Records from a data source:
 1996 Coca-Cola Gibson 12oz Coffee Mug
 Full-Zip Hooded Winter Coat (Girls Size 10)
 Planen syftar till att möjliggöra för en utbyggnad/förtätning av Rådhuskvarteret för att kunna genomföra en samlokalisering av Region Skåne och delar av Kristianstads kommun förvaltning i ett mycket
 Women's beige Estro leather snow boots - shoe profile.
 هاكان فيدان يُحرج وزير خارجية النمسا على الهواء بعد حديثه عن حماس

§ Exercise details: Extract all of the data exactly as written.

§ Output of the task:
 1996 Coca-Cola Gibson 12oz Coffee Mug
 Full-Zip Hooded Winter Coat (Girls Size 10)
 Planen syftar till att möjliggöra för en utbyggnad/förtätning av Rådhuskvarteret för att kunna genomföra en samlokalisering av Region Skåne och delar av Kristianstads kommun förvaltning i ett mycket
 Women's beige Estro leather snow boots - shoe profile.
 هاكان فيدان يُحرج وزير خارجية النمسا على الهواء بعد حديثه عن حماس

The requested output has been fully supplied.